» **Record set**
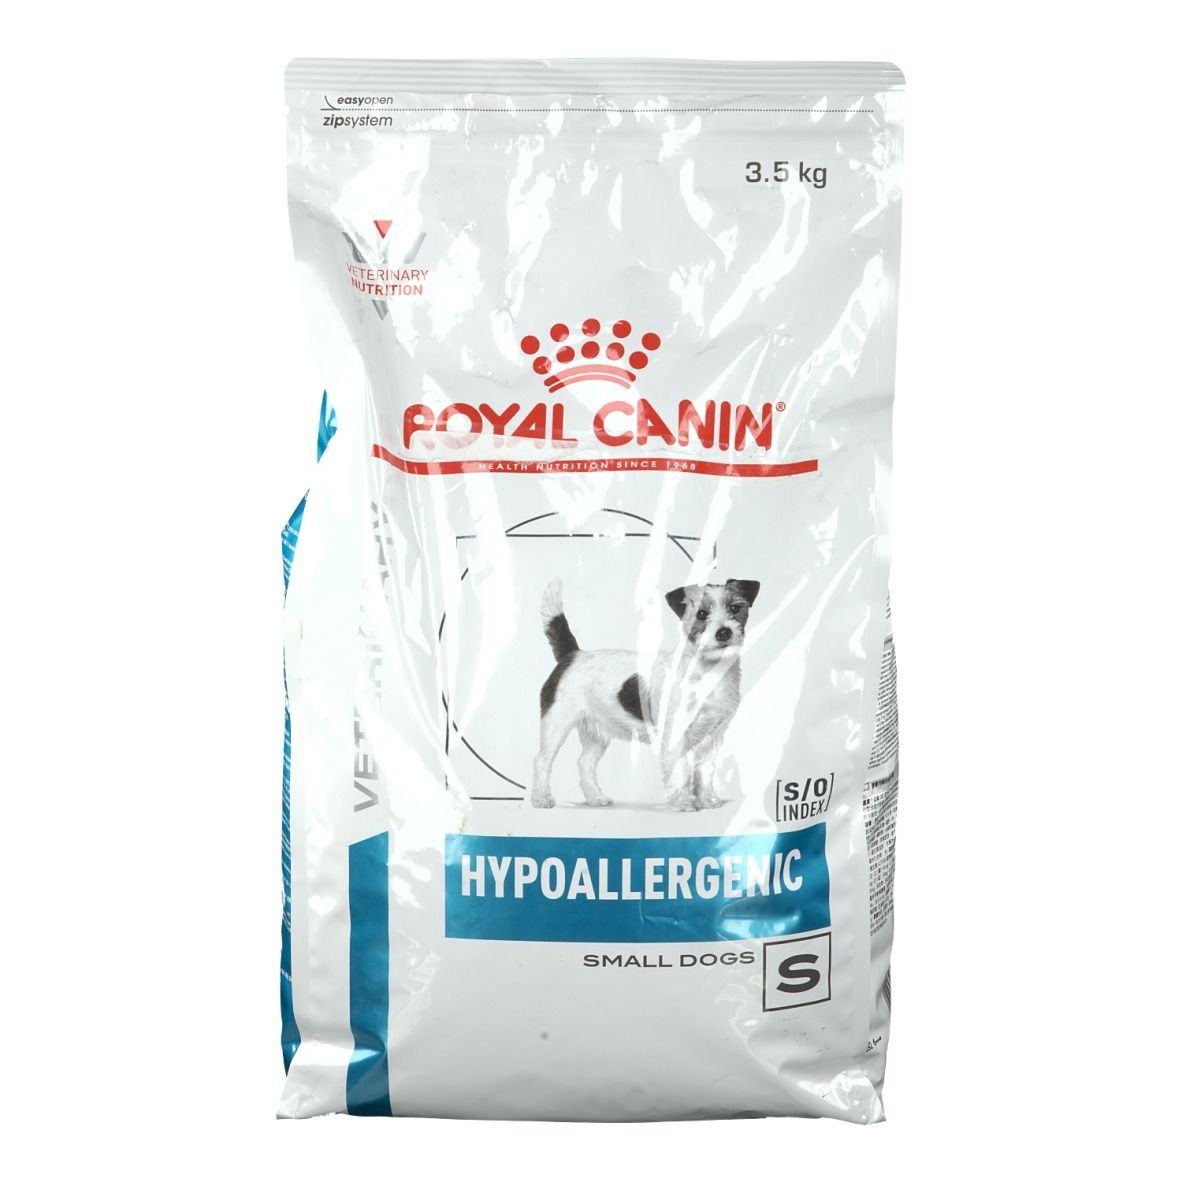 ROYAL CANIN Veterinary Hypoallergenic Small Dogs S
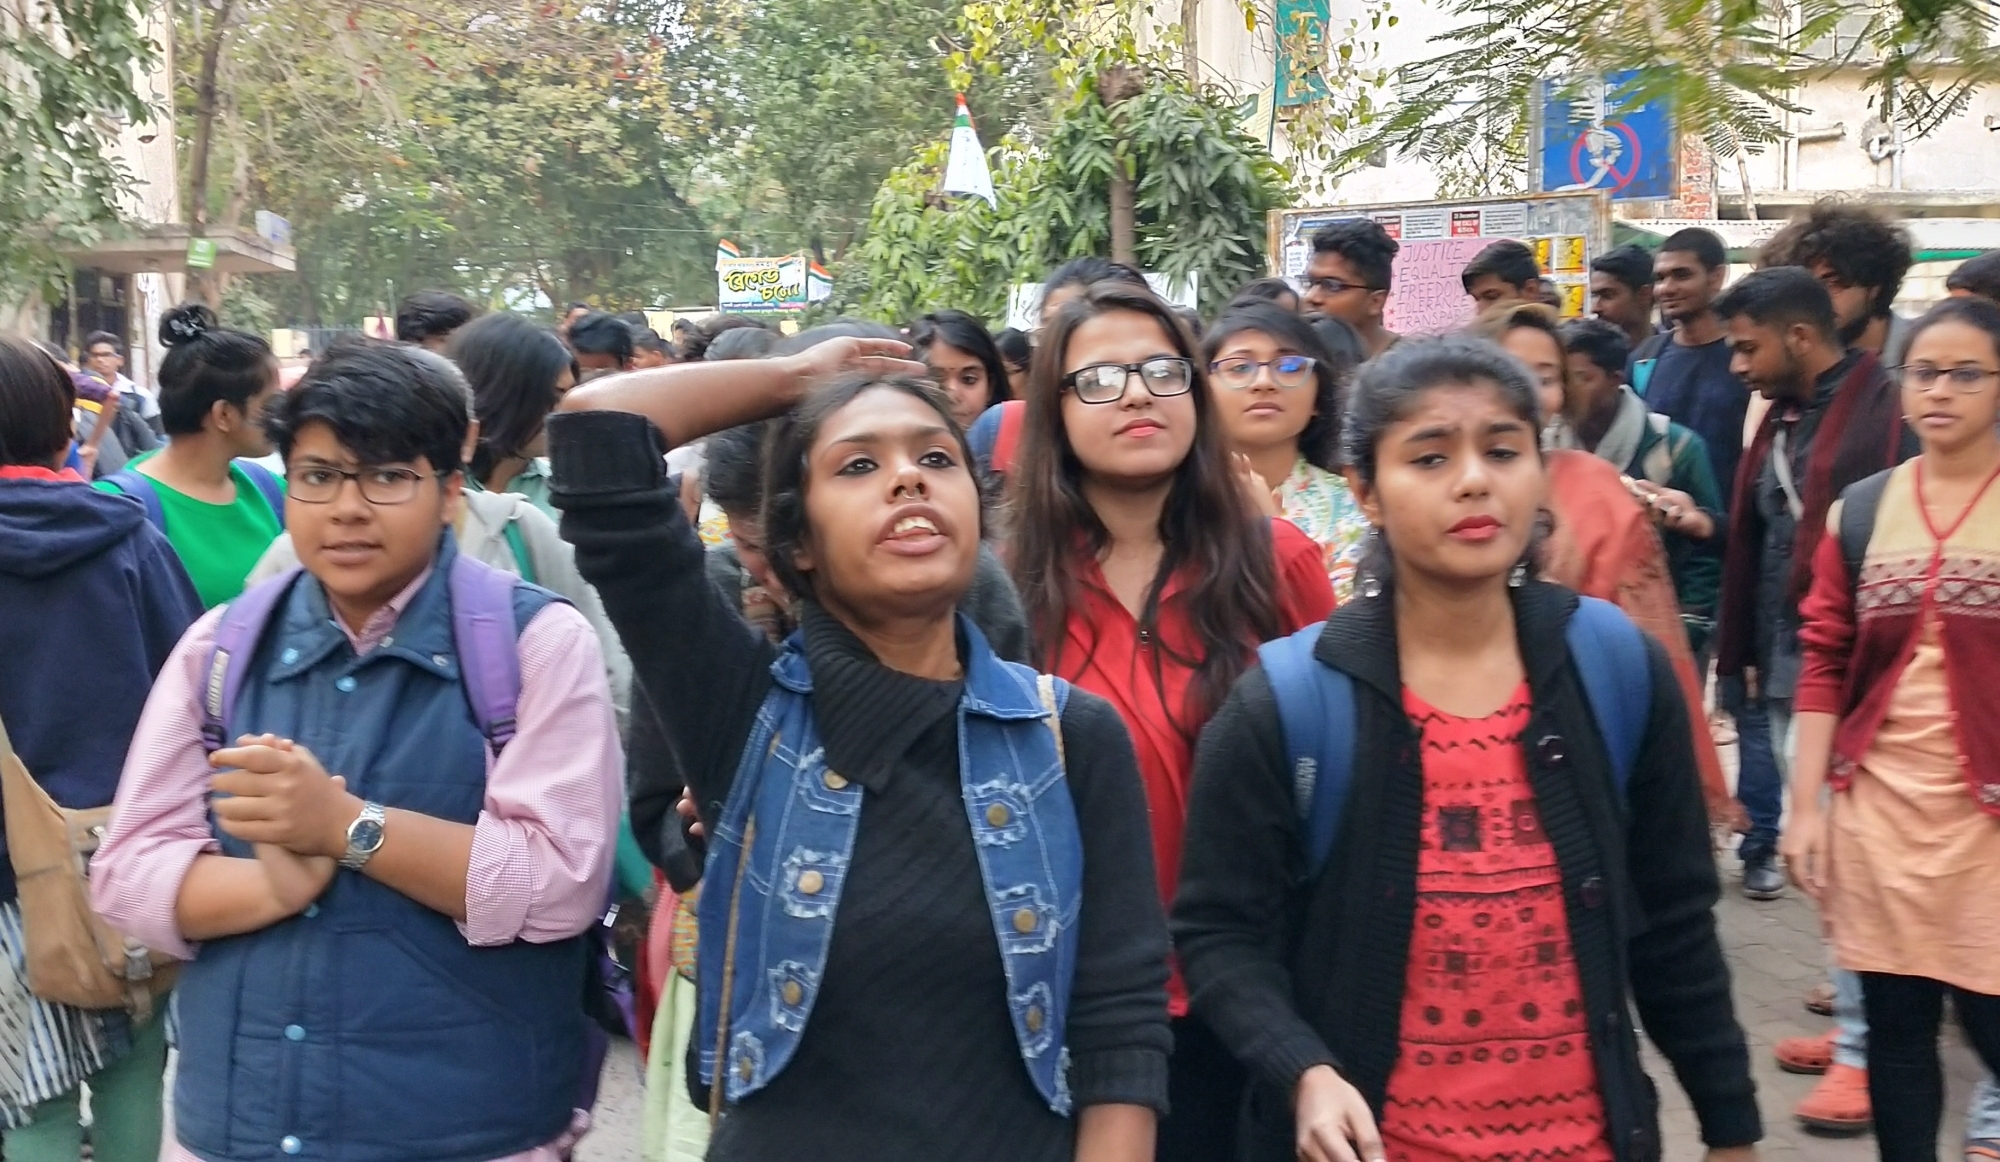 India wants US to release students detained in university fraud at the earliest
---
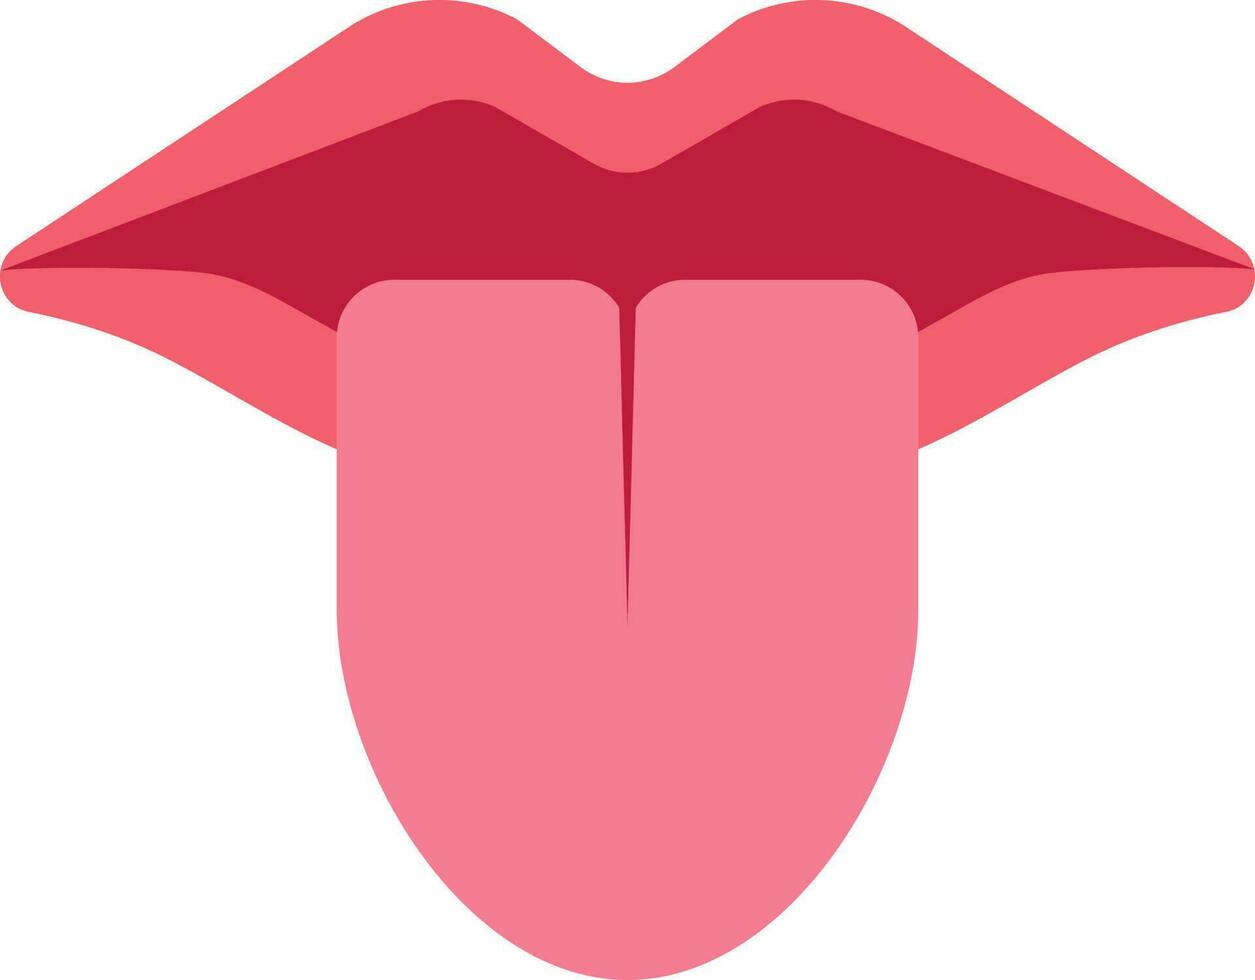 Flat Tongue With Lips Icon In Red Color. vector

» **Exercise objective**
Using the data above, return the lines from the one holding "ROYAL CANIN Veterinary" through the one holding "India wants US" exactly, but not the pictures.

» **Answer area**
 ROYAL CANIN Veterinary Hypoallergenic Small Dogs S
 India wants US to release students detained in university fraud at the earliest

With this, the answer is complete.